The Santa Anita main track was closed on February 25 and 26 while inspection experts reviewed the track. Officials stated that no irregularities were found in track conditions. McAnally spoke to news outlets, like Bloodhorse, about what he believes is behind the recent string of breakdowns:
"My opinion is the problem with the bad weather. You can see on the news--some of the ground is separating and houses are falling off cliffs, almost like an earthquake... I loved that filly. I bought her at the sale--liked the way she walked. I feel as bad as anybody, but that's the first I had (this meet). I wanted to cry when we had to put her down."
Santa Anita's Main Track deemed ?one hundred percent ready,? as training & racing will resume this Thursday. Read full press release here: http://bit.ly/MainTrack
The weather may be to blame, but the coincidence of horse deaths is not lost on anyone, be it horse racing fan or animal activist. Since the track reopened at the end of February, one horse had already died: Eskenforadrink, another 4-year-old filly, per NBC Los Angeles. Now, Lets Light the Way makes two. Mick Peterson with the University of Kentucky said the racecourse was "100 percent ready" to perform.
As NBC Los Angeles reported, Peterson said last week of the track's reopening and racing surface,
"The ground-penetrating radar verified all of the materials, silt, clay and sand, as well as moisture content, are consistent everywhere on this track. This testing ensures all components, the 5-inch cushion, pad and base are consistent and in good order."
At the start of the week, track officials had stated that racing would be on hiatus after the heavy rains forecasted for this week, but the track remained opened for training. Now, PETA is calling for the closure of the track. The initial urging came after Eskenforadrink's death, but with this marking the 21st death, it's clear that PETA won't step down without a fight.

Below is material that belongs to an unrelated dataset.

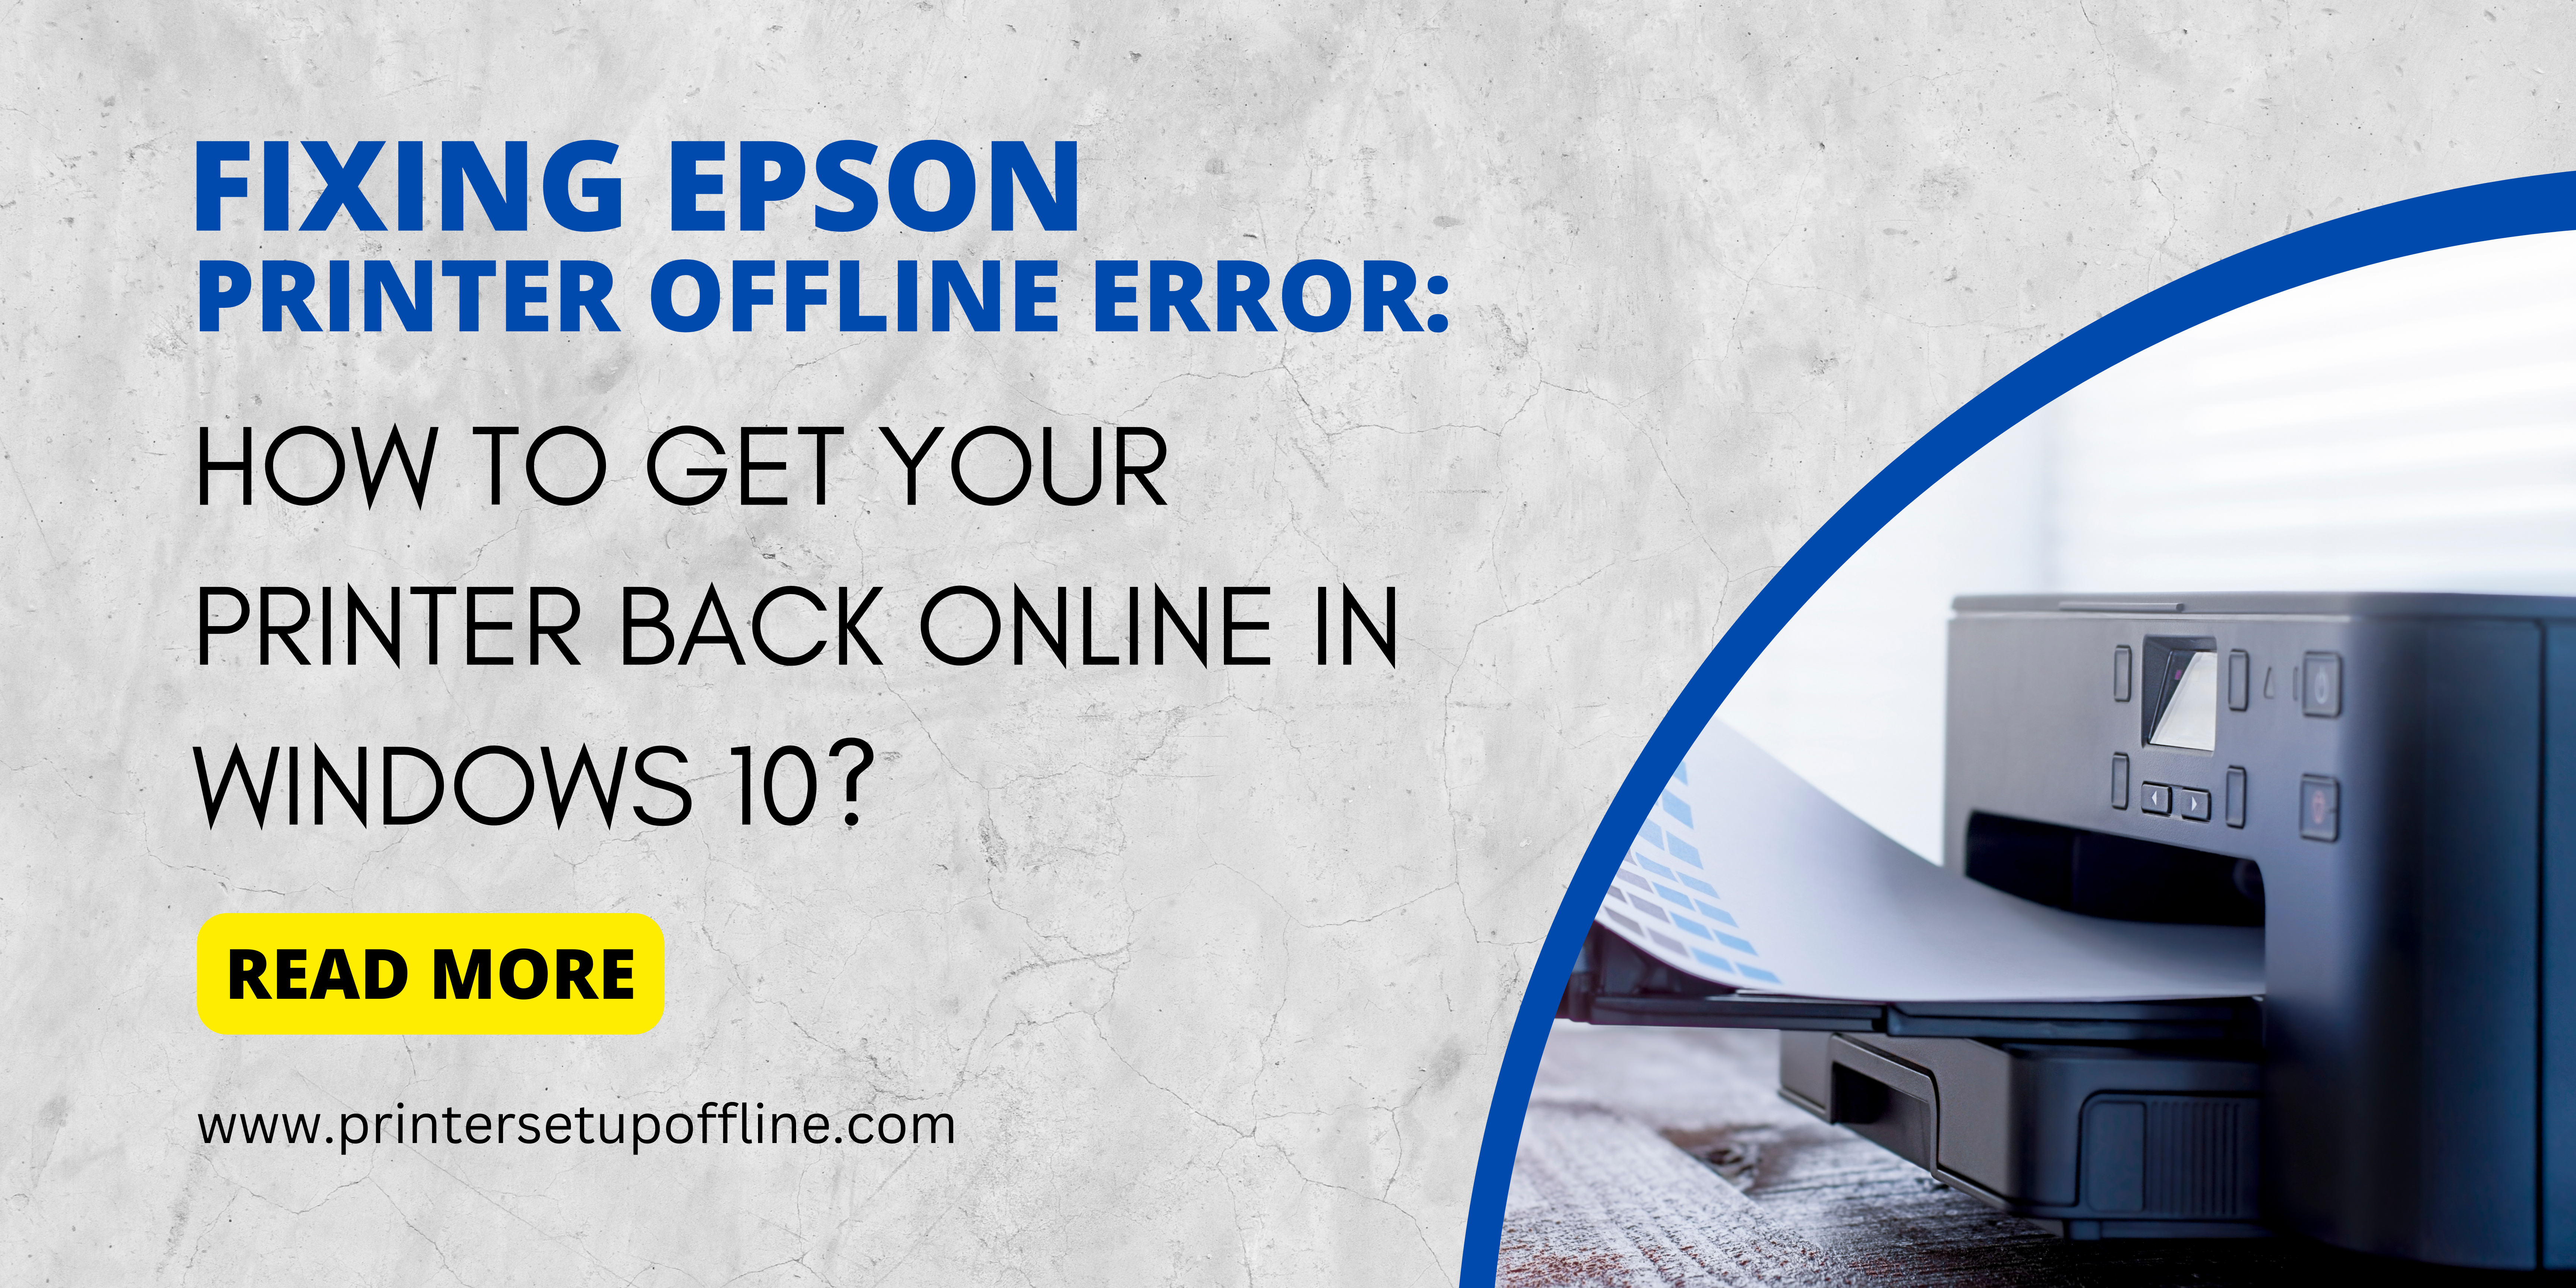 Epson Printer Offline Error

BREAKING NEWS: 4-year-old filly Eskenforadrink is the 20th horse to die at Santa Anita racetrack in the past two months. PETA's statement: pic.twitter.com/av2LJOsHkY
— PETA (@peta) March 3, 2019
Other nonprofit organizations and animal-advocacy groups are calling for trainer investigations and vet records of the horses who died on the track during live racing. As KTLA reported, 20 deaths occurred at the track in 2017. There has been a slight increase in fatal injury rates from 2016 at the track according to the data. Santa Anita announced that Dennis Moore, the track superintendent in Arcadia from 2014 through 2018, is returning as a consultant.
The next live race day on the Thoroughbred horse racetrack is set for March 8, 2019 in Southern California. If the name sounds familiar, it's because Santa Anita is famous for hosting the Santa Anita Derby, the Santa Anita Handicap, and the Breeders' Cup in 2016. For now, though, horse lovers and racing fans alike are wondering just what is going on near San Gabriel Mountains.